*** Given information ***

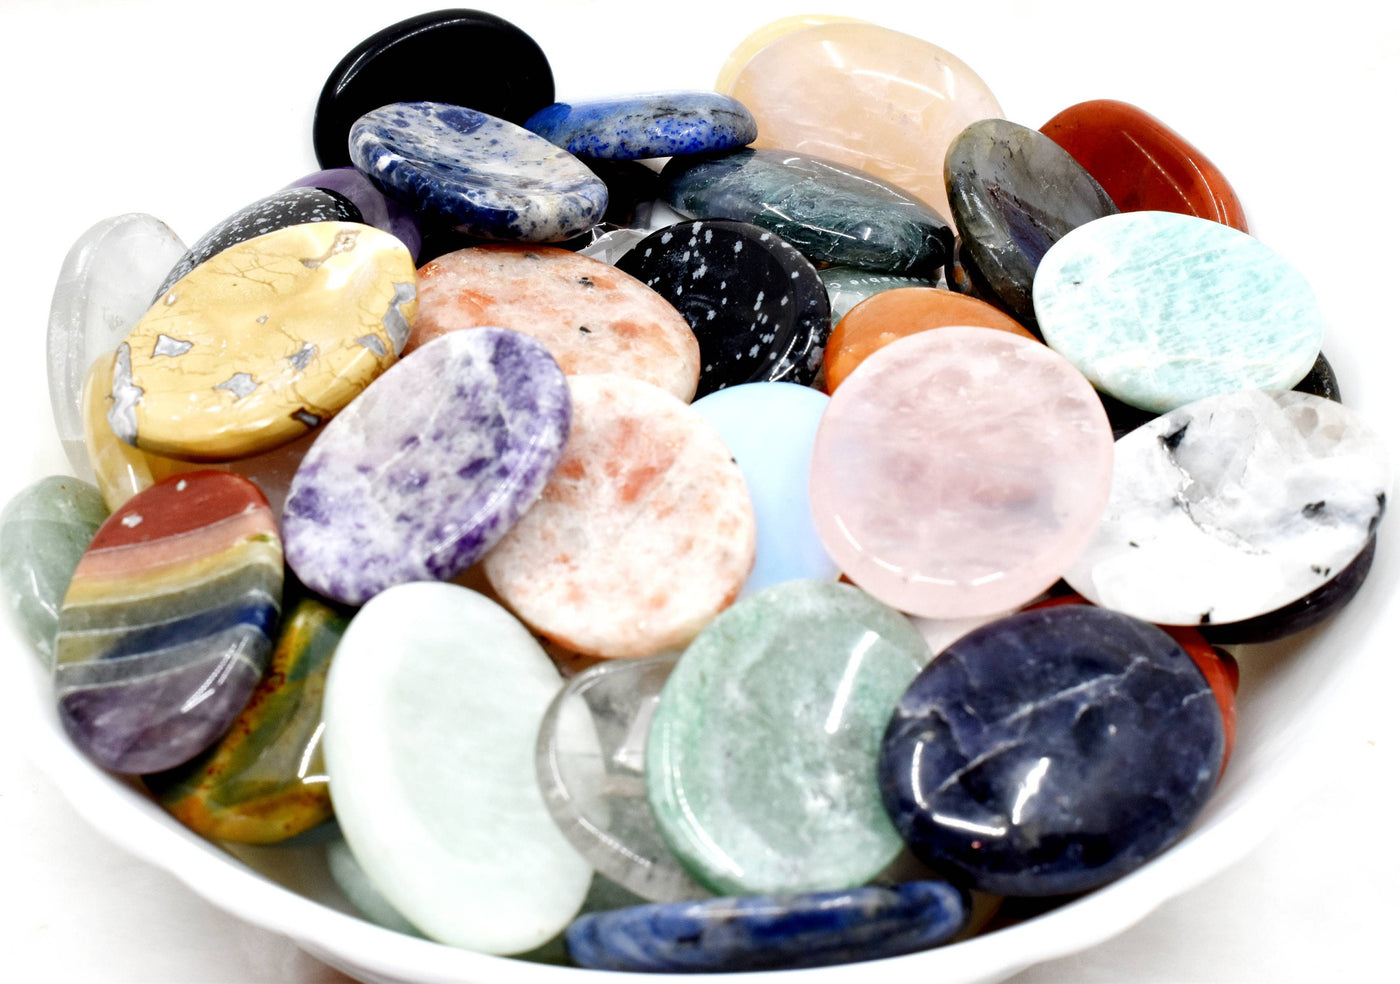 Wholesale Worry Stones Mix Lot 50 Bulk Worry Stones ~ Assorted Crystal for Anxiety Relief
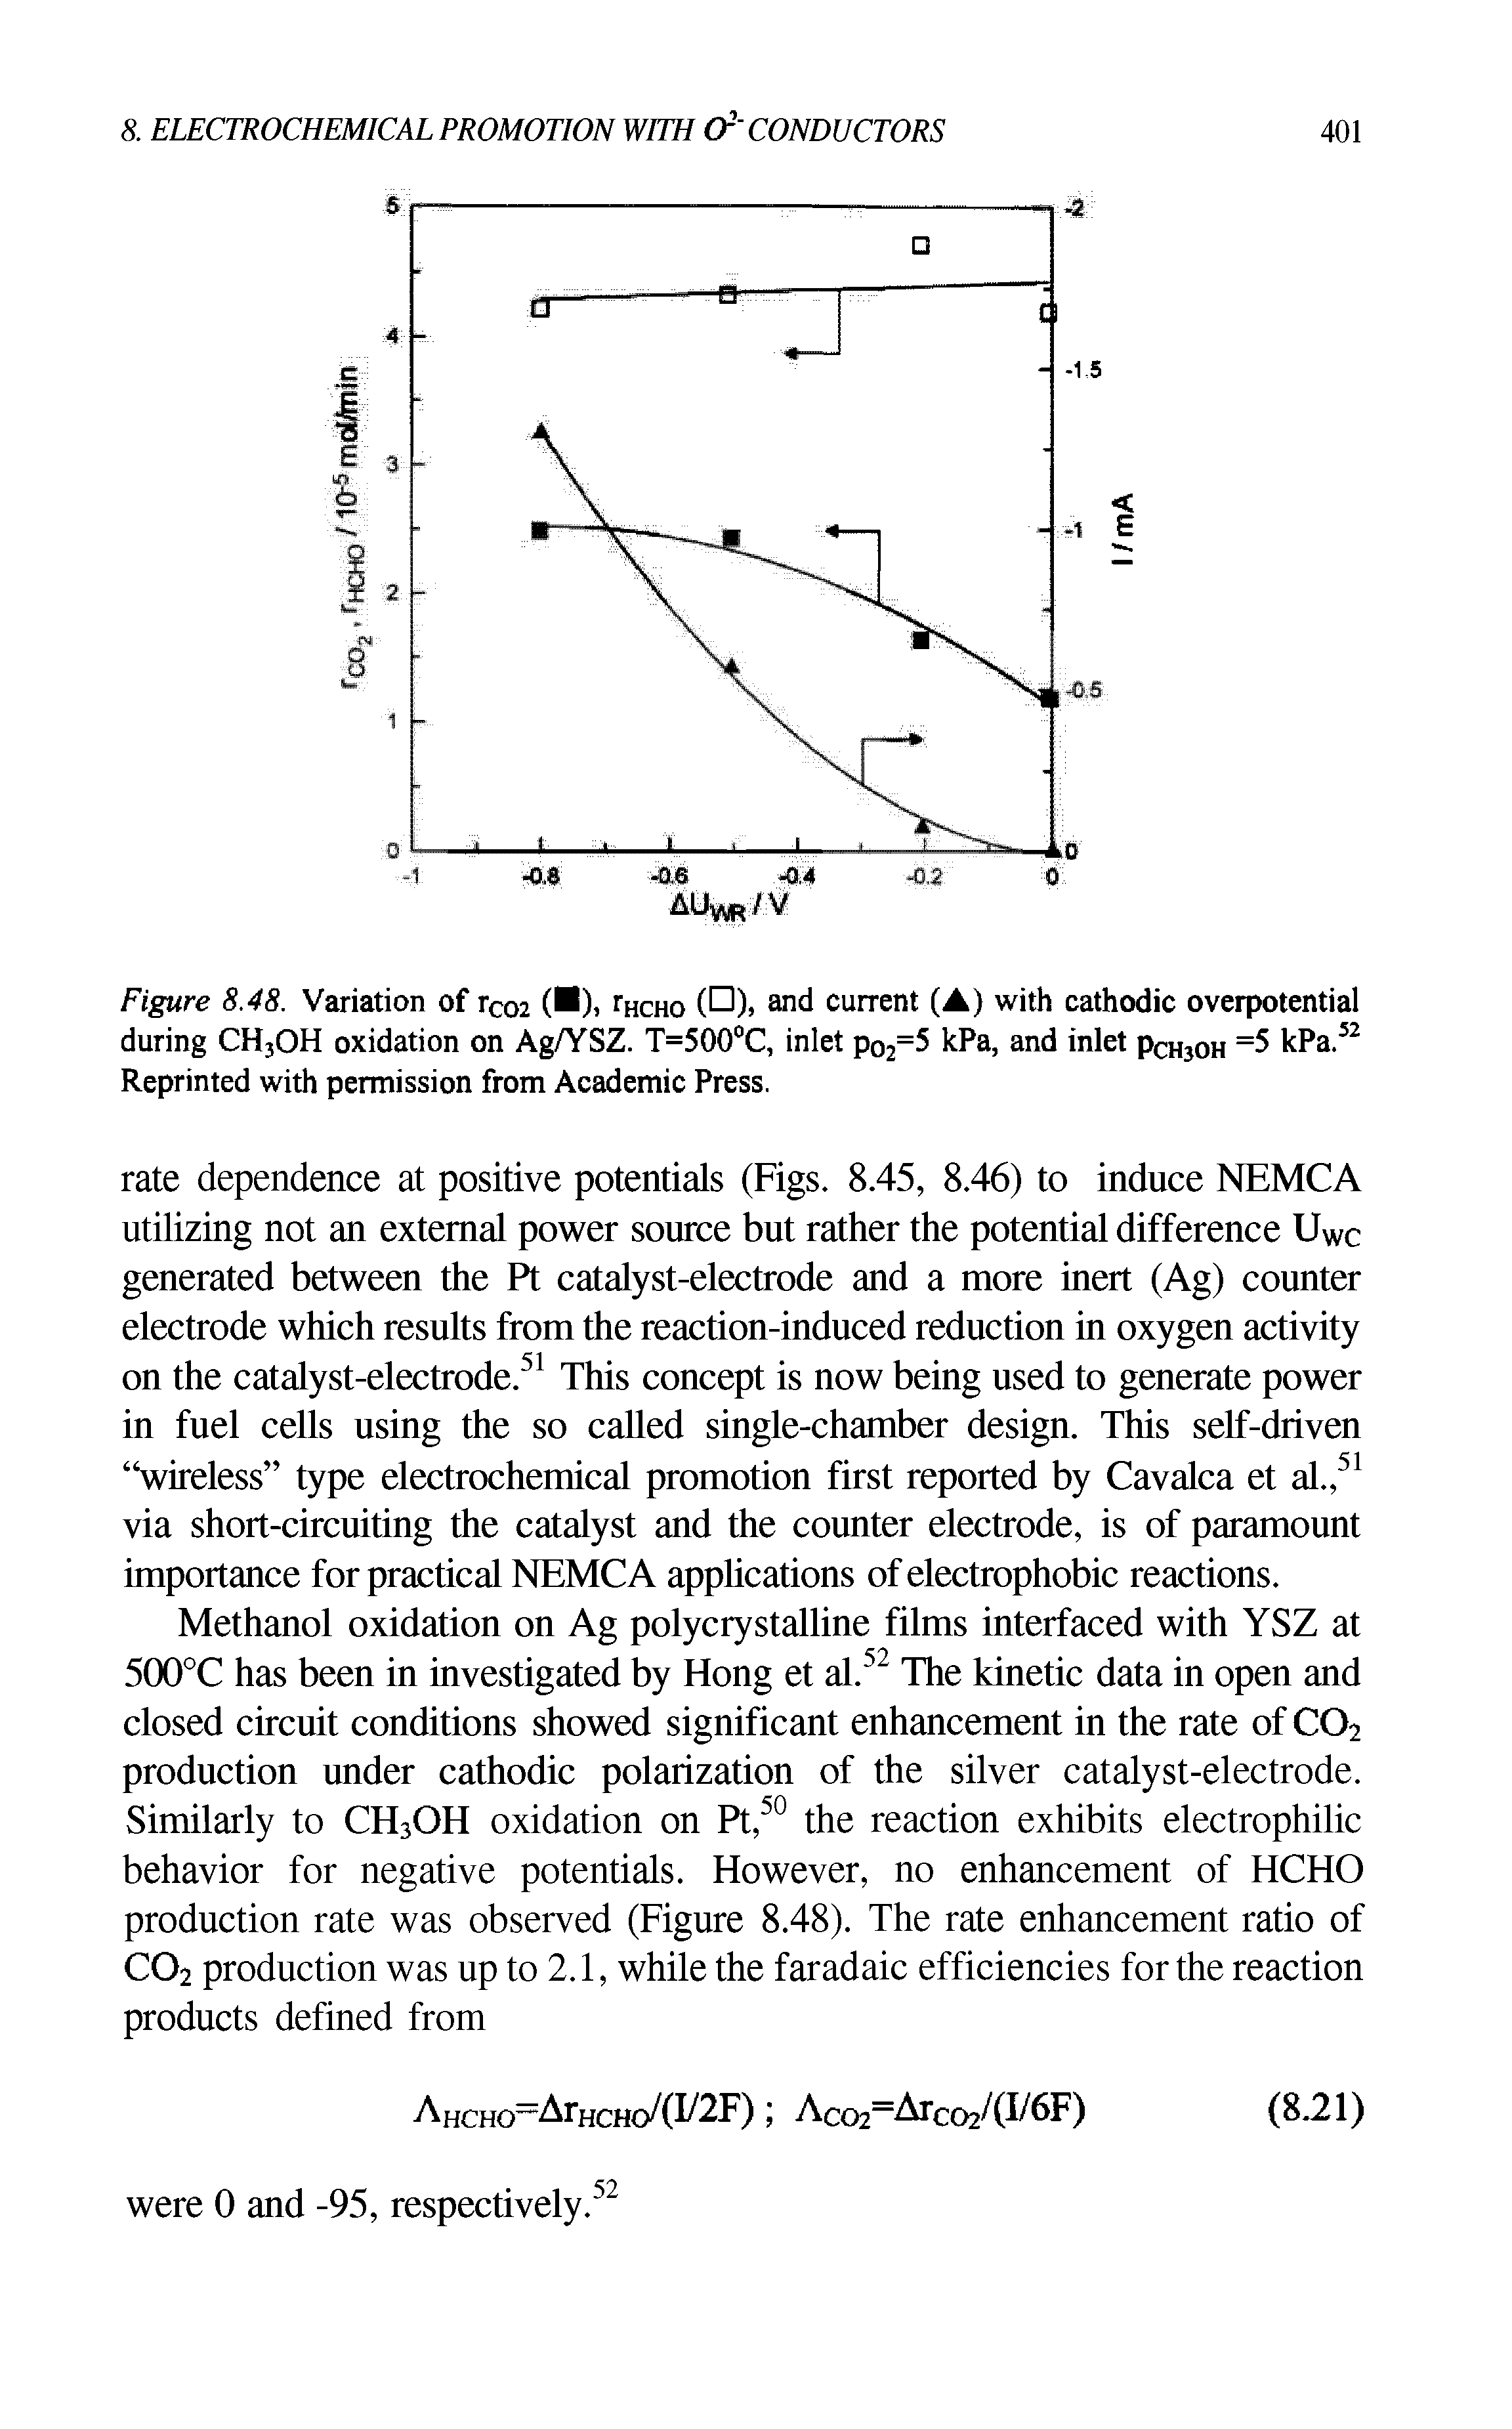 Figure 8.48. Variation of rco2 (B), rHcHO (D)s and current (A) with cathodic overpotential during CH3OH oxidation on Ag/YSZ. T=500°C, inlet po2=5 kPa, and inlet PCH3OH =5 kPa.52 Reprinted with permission from Academic Press.
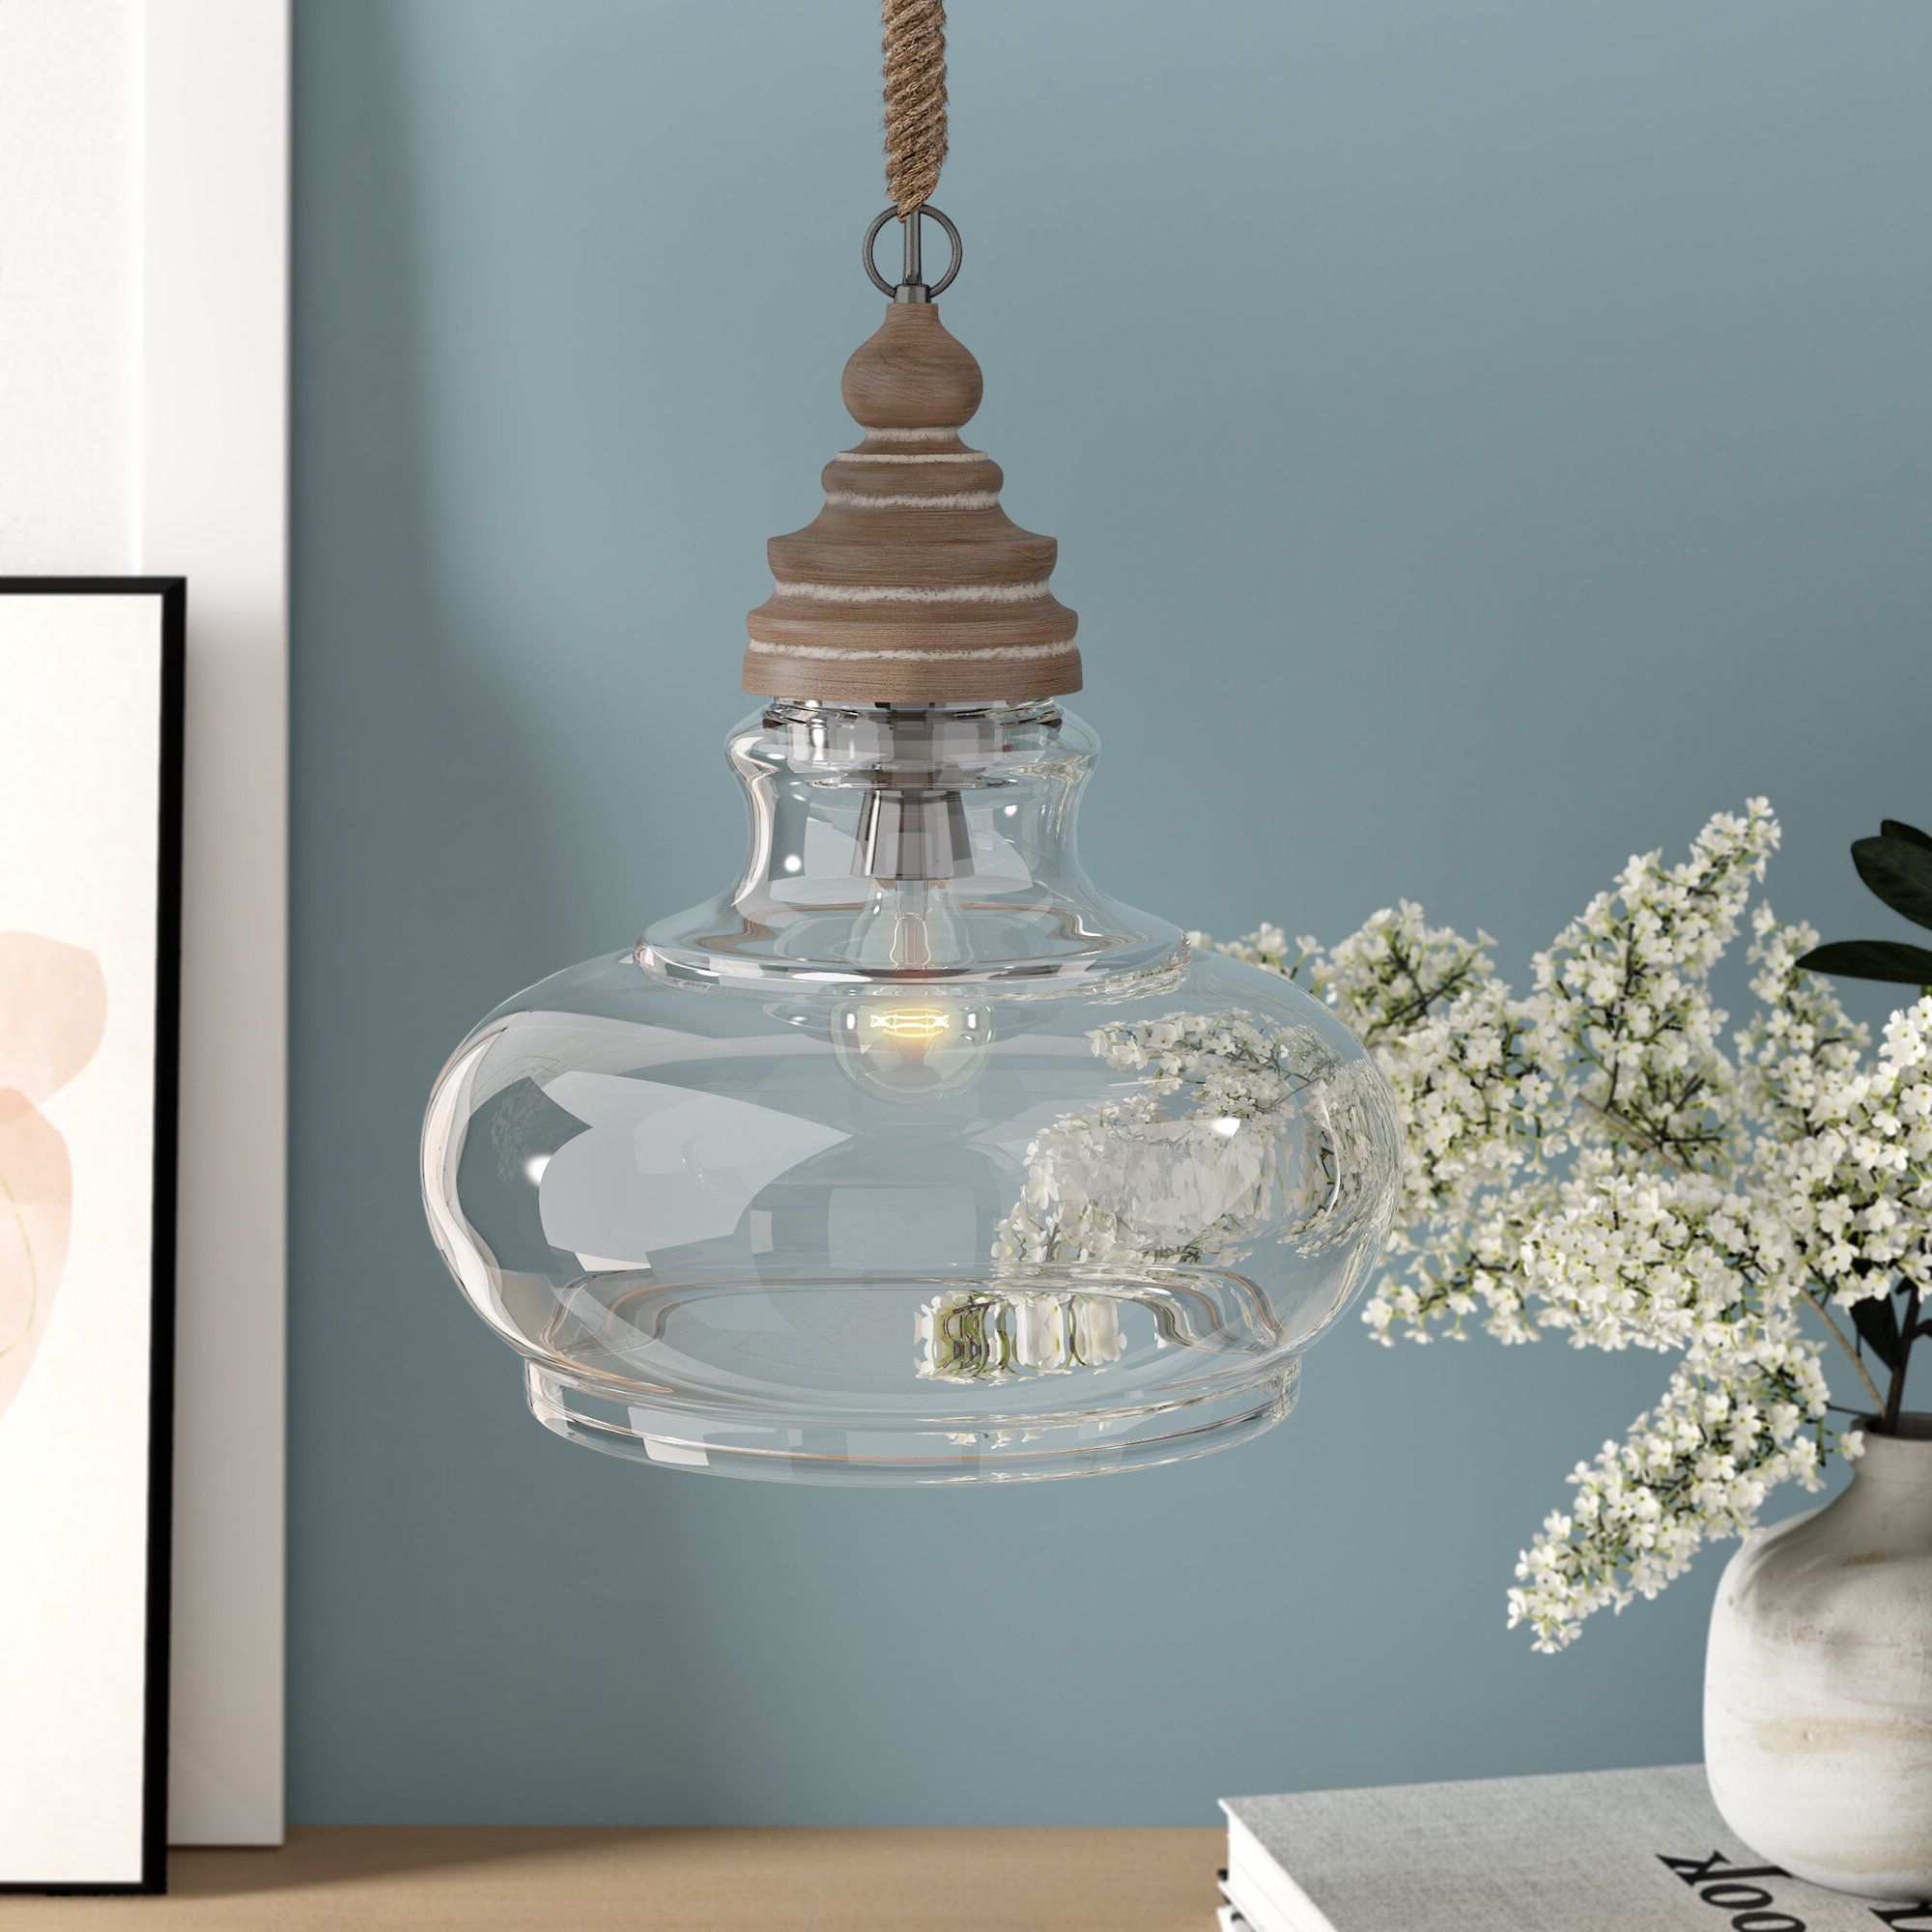 Maelle 1 Light Single Bell Pendant Within Well Known Nadine 1 Light Single Schoolhouse Pendants (View 7 of 25)

*** End of Given information ***

▸ What is expected: Please provide a faithful transcription of all the data, pictures excluded.

▸ Result for this task:
 Wholesale Worry Stones Mix Lot 50 Bulk Worry Stones ~ Assorted Crystal for Anxiety Relief
 Figure 8.48. Variation of rco2 (B), rHcHO (D)s and current (A) with cathodic overpotential during CH3OH oxidation on Ag/YSZ. T=500°C, inlet po2=5 kPa, and inlet PCH3OH =5 kPa.52 Reprinted with permission from Academic Press.
 Maelle 1 Light Single Bell Pendant Within Well Known Nadine 1 Light Single Schoolhouse Pendants (View 7 of 25)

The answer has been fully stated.